TEHRAN – The Guardian Council marked its 38th anniversary of its establishment in an announcement on Monday.

In the announcement the council renewed its pledge to work toward safeguarding the Islamic Republic.

The Guardian Council is a constitutionally mandated 12-member council that wields considerable power and influence in the Islamic Republic of Iran.

The Iranian constitution calls for the council to be composed of six Islamic faqihs (experts in Islamic law), “conscious of the present needs and the issues of the day” to be selected by the Supreme Leader, and six jurists, “specializing in different areas of law, to be elected by the Majlis from among the Muslim jurists nominated by the head of the Judiciary”.

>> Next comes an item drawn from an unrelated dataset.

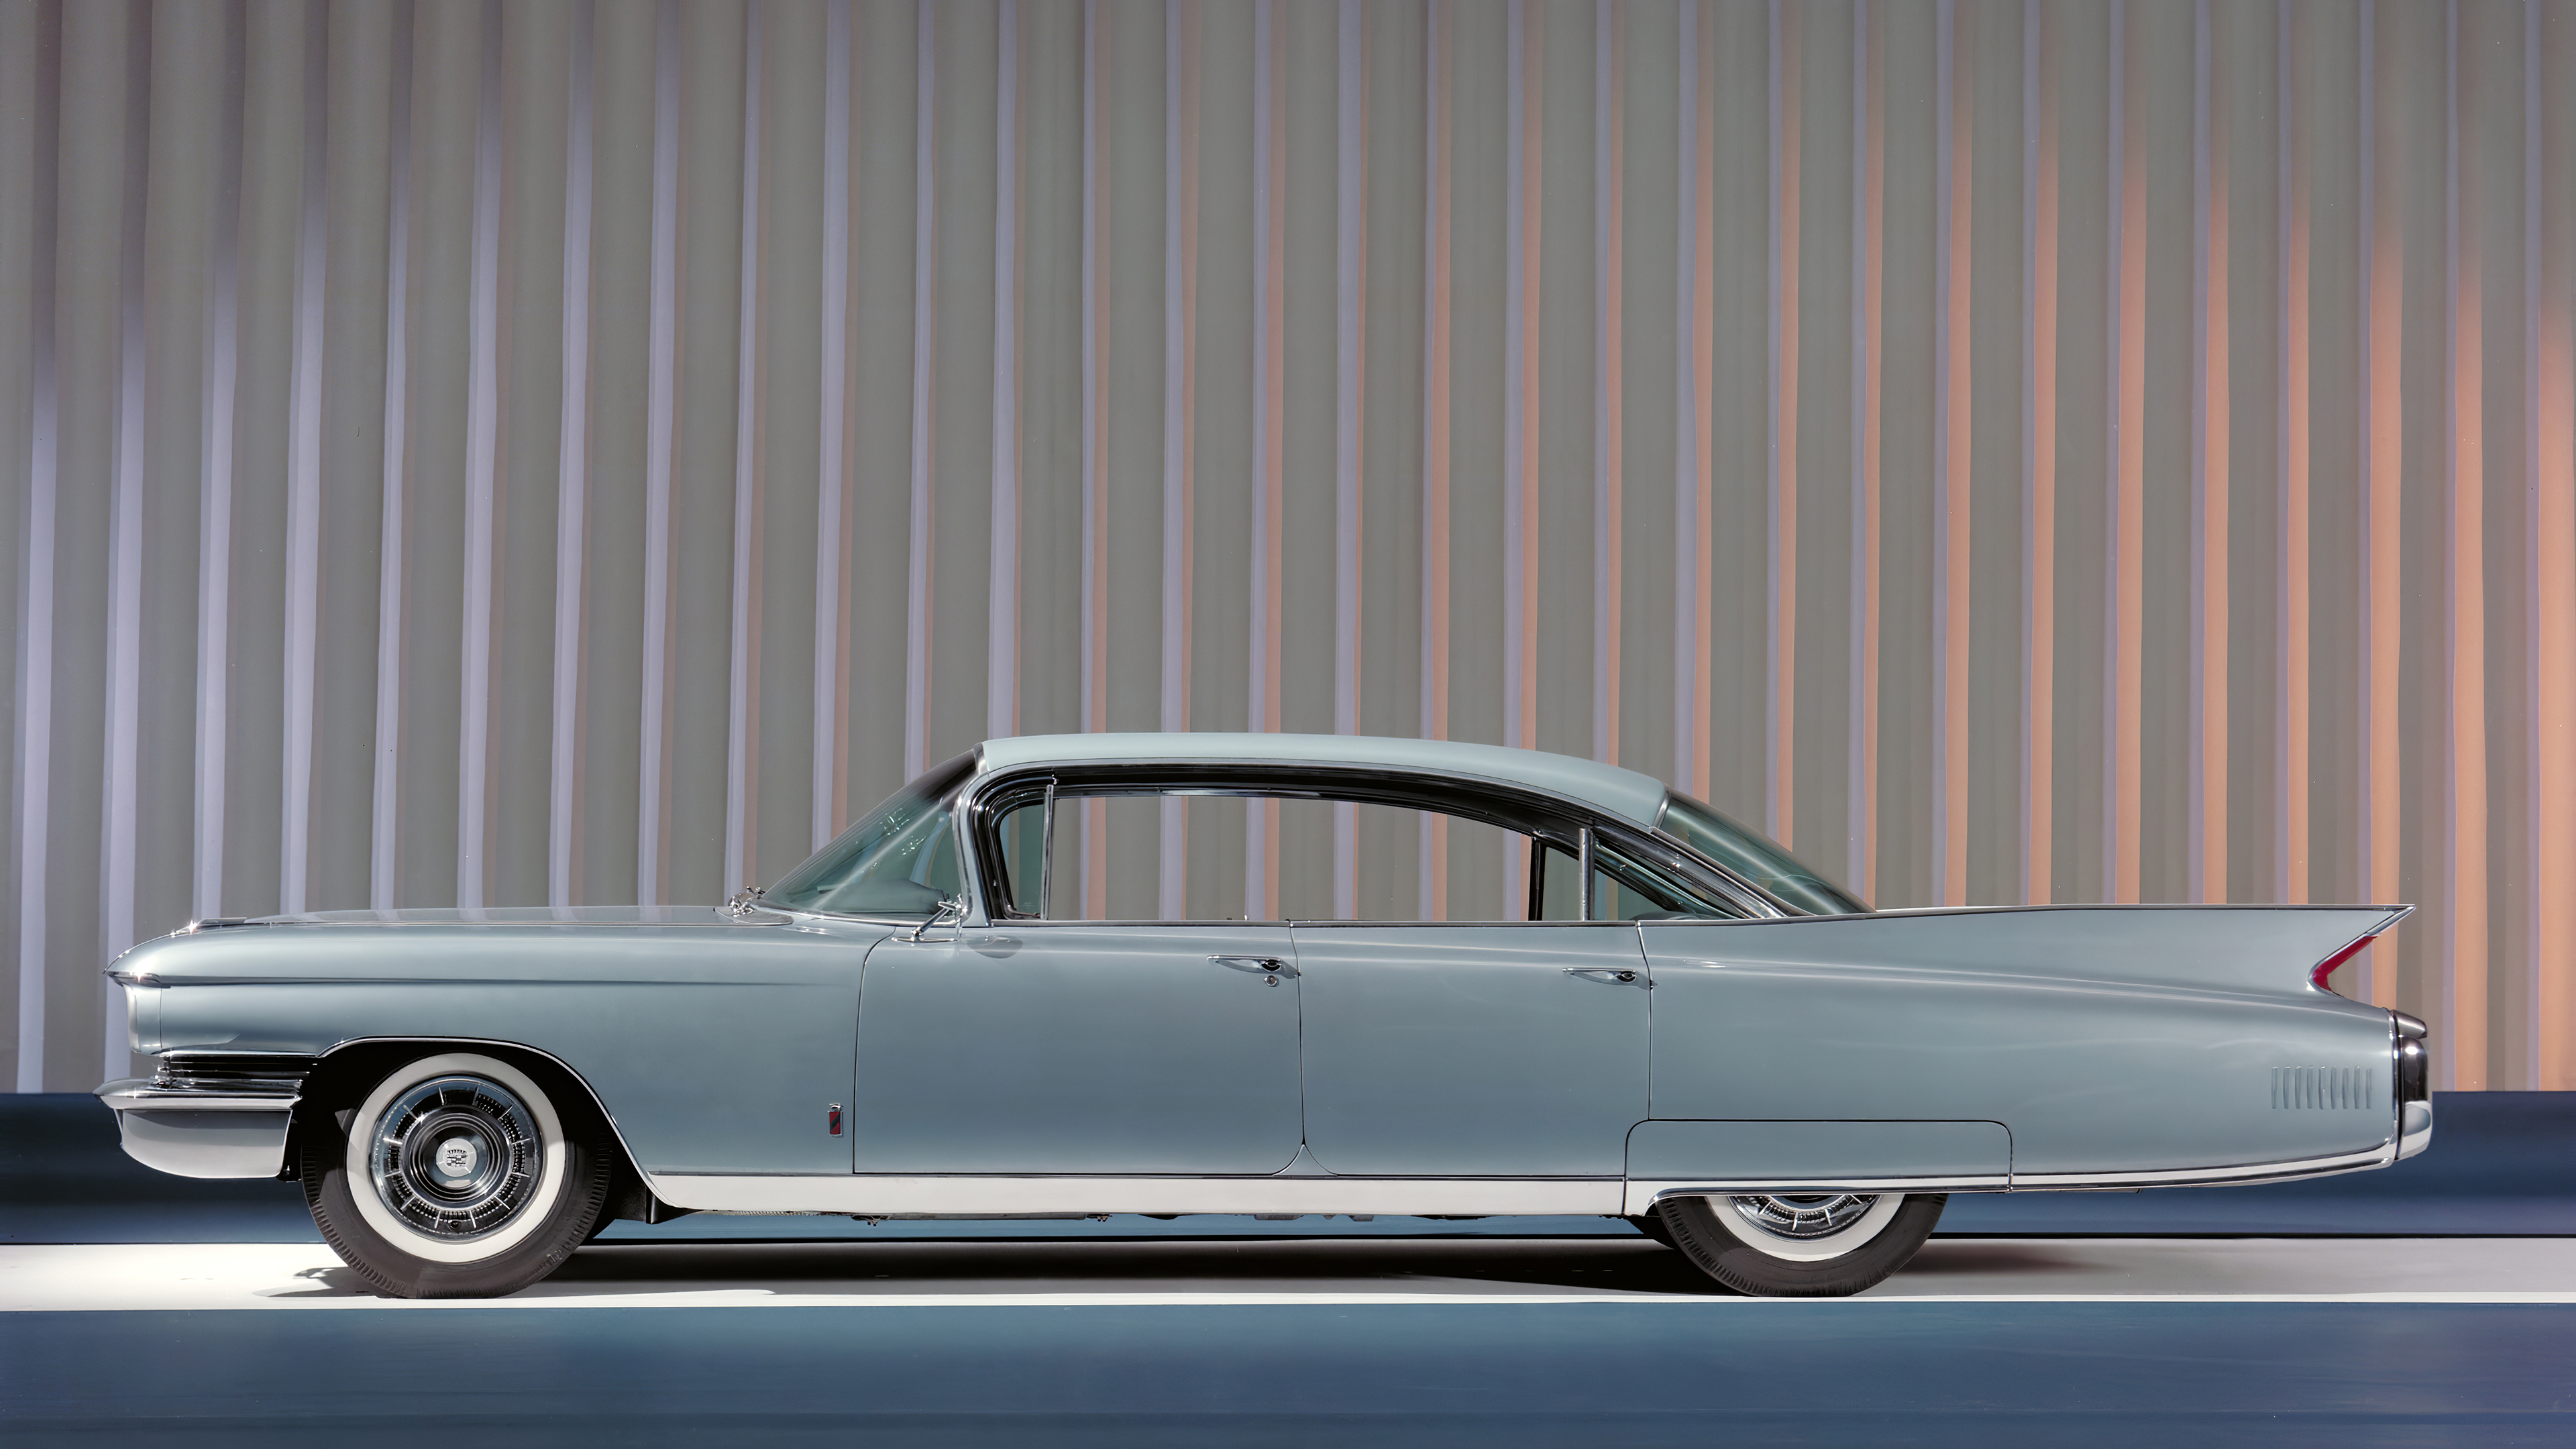 1960 Cadillac Fleetwood Sixty Special - Cadillac Sixty Special - HD Wallpaper

It is charged with interpreting the constitution, supervising elections of, and approving of candidates to, the Assembly of Experts, the president and the Majlis, and ensuring the compatibility of the legislation passed by the Majlis with the criteria of Islam and the constitution.

The Majlis has no legal status without the Guardian Council, that is, any bill passed by the Majlis must be reviewed and approved by the Guardian Council to become law.

According to Article 96 of the constitution, the Guardian Council holds veto power over all legislations approved by the Majlis. It can nullify a law based on two accounts: being against Islamic laws, or being against the constitution. While all the members vote on the laws being compatible with the constitution, only the six clerics vote on them being compatible with Islam.

If any law is rejected, it will be passed back to the Majlis for correction. If the Majlis and the 12-member Guardian Council cannot decide on a case, it is passed up to the Expediency Council for a decision.

The Guardian Council is uniquely involved in the legislative process, with equal oversight with regards to economic law and social policy, including such controversial topics as abortion. 

The Guardian Council also functions similar to a constitutional court. The authority to interpret the constitution is vested in the council. Interpretative decisions require a three-quarters majority. The council does not conduct a court hearing where opposing sides are argued.

Since 1991, all candidates of parliamentary or presidential elections, as well as candidates for the Assembly of Experts, have to be qualified by the Guardian Council in order to run in the election.